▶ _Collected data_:
▼
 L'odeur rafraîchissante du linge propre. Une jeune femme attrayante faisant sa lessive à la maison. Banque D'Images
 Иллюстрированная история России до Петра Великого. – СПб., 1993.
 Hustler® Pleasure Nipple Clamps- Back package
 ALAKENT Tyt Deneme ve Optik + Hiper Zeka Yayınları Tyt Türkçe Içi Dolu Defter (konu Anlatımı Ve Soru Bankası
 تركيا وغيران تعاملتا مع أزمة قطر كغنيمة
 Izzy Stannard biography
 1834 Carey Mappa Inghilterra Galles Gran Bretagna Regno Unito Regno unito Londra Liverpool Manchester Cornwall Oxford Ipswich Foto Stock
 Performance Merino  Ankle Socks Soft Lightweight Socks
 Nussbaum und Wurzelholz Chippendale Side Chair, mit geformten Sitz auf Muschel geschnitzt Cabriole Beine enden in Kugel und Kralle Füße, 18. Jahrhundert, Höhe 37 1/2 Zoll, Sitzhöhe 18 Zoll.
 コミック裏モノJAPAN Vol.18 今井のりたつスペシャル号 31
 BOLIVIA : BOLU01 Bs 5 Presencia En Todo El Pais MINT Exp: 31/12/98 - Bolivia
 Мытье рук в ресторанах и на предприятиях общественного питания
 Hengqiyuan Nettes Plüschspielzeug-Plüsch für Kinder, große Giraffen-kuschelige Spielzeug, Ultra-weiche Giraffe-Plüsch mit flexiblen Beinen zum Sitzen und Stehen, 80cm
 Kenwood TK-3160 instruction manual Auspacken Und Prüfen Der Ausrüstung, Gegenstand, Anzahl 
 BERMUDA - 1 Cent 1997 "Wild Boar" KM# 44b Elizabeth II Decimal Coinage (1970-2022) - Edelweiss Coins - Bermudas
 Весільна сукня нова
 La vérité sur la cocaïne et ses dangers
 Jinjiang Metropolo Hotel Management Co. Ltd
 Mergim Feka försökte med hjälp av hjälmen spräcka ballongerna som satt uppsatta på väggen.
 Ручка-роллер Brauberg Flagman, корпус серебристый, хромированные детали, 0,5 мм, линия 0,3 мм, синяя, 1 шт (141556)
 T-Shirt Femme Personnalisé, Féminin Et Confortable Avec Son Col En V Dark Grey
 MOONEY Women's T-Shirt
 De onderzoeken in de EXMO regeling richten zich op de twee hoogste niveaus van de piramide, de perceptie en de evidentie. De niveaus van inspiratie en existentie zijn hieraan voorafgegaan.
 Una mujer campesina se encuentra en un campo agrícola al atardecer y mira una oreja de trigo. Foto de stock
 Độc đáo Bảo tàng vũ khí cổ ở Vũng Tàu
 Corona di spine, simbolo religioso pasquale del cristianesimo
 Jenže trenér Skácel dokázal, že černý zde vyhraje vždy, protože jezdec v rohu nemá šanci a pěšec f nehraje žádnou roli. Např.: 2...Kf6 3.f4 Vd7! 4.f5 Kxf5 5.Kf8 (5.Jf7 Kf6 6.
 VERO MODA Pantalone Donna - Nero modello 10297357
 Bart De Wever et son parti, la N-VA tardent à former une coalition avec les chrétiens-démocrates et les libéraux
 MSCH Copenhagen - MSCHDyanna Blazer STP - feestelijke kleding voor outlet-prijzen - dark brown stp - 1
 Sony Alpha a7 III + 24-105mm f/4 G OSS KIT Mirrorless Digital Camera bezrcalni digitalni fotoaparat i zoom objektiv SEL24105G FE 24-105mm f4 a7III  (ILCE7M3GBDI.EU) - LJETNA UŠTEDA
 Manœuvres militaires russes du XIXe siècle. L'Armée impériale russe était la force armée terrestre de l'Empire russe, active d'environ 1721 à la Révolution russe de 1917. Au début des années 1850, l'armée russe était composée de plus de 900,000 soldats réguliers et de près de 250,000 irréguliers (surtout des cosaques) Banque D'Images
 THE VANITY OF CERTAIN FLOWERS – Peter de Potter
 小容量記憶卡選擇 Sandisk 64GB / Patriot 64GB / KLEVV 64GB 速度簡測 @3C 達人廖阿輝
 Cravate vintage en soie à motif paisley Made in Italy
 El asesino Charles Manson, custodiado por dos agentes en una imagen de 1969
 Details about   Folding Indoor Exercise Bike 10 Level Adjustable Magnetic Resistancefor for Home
▲
▶ _Problem details_:
Reproduce all the records precisely.

▶ _Solved exercise_:
 L'odeur rafraîchissante du linge propre. Une jeune femme attrayante faisant sa lessive à la maison. Banque D'Images
 Иллюстрированная история России до Петра Великого. – СПб., 1993.
 Hustler® Pleasure Nipple Clamps- Back package
 ALAKENT Tyt Deneme ve Optik + Hiper Zeka Yayınları Tyt Türkçe Içi Dolu Defter (konu Anlatımı Ve Soru Bankası
 تركيا وغيران تعاملتا مع أزمة قطر كغنيمة
 Izzy Stannard biography
 1834 Carey Mappa Inghilterra Galles Gran Bretagna Regno Unito Regno unito Londra Liverpool Manchester Cornwall Oxford Ipswich Foto Stock
 Performance Merino  Ankle Socks Soft Lightweight Socks
 Nussbaum und Wurzelholz Chippendale Side Chair, mit geformten Sitz auf Muschel geschnitzt Cabriole Beine enden in Kugel und Kralle Füße, 18. Jahrhundert, Höhe 37 1/2 Zoll, Sitzhöhe 18 Zoll.
 コミック裏モノJAPAN Vol.18 今井のりたつスペシャル号 31
 BOLIVIA : BOLU01 Bs 5 Presencia En Todo El Pais MINT Exp: 31/12/98 - Bolivia
 Мытье рук в ресторанах и на предприятиях общественного питания
 Hengqiyuan Nettes Plüschspielzeug-Plüsch für Kinder, große Giraffen-kuschelige Spielzeug, Ultra-weiche Giraffe-Plüsch mit flexiblen Beinen zum Sitzen und Stehen, 80cm
 Kenwood TK-3160 instruction manual Auspacken Und Prüfen Der Ausrüstung, Gegenstand, Anzahl 
 BERMUDA - 1 Cent 1997 "Wild Boar" KM# 44b Elizabeth II Decimal Coinage (1970-2022) - Edelweiss Coins - Bermudas
 Весільна сукня нова
 La vérité sur la cocaïne et ses dangers
 Jinjiang Metropolo Hotel Management Co. Ltd
 Mergim Feka försökte med hjälp av hjälmen spräcka ballongerna som satt uppsatta på väggen.
 Ручка-роллер Brauberg Flagman, корпус серебристый, хромированные детали, 0,5 мм, линия 0,3 мм, синяя, 1 шт (141556)
 T-Shirt Femme Personnalisé, Féminin Et Confortable Avec Son Col En V Dark Grey
 MOONEY Women's T-Shirt
 De onderzoeken in de EXMO regeling richten zich op de twee hoogste niveaus van de piramide, de perceptie en de evidentie. De niveaus van inspiratie en existentie zijn hieraan voorafgegaan.
 Una mujer campesina se encuentra en un campo agrícola al atardecer y mira una oreja de trigo. Foto de stock
 Độc đáo Bảo tàng vũ khí cổ ở Vũng Tàu
 Corona di spine, simbolo religioso pasquale del cristianesimo
 Jenže trenér Skácel dokázal, že černý zde vyhraje vždy, protože jezdec v rohu nemá šanci a pěšec f nehraje žádnou roli. Např.: 2...Kf6 3.f4 Vd7! 4.f5 Kxf5 5.Kf8 (5.Jf7 Kf6 6.
 VERO MODA Pantalone Donna - Nero modello 10297357
 Bart De Wever et son parti, la N-VA tardent à former une coalition avec les chrétiens-démocrates et les libéraux
 MSCH Copenhagen - MSCHDyanna Blazer STP - feestelijke kleding voor outlet-prijzen - dark brown stp - 1
 Sony Alpha a7 III + 24-105mm f/4 G OSS KIT Mirrorless Digital Camera bezrcalni digitalni fotoaparat i zoom objektiv SEL24105G FE 24-105mm f4 a7III  (ILCE7M3GBDI.EU) - LJETNA UŠTEDA
 Manœuvres militaires russes du XIXe siècle. L'Armée impériale russe était la force armée terrestre de l'Empire russe, active d'environ 1721 à la Révolution russe de 1917. Au début des années 1850, l'armée russe était composée de plus de 900,000 soldats réguliers et de près de 250,000 irréguliers (surtout des cosaques) Banque D'Images
 THE VANITY OF CERTAIN FLOWERS – Peter de Potter
 小容量記憶卡選擇 Sandisk 64GB / Patriot 64GB / KLEVV 64GB 速度簡測 @3C 達人廖阿輝
 Cravate vintage en soie à motif paisley Made in Italy
 El asesino Charles Manson, custodiado por dos agentes en una imagen de 1969
 Details about   Folding Indoor Exercise Bike 10 Level Adjustable Magnetic Resistancefor for Home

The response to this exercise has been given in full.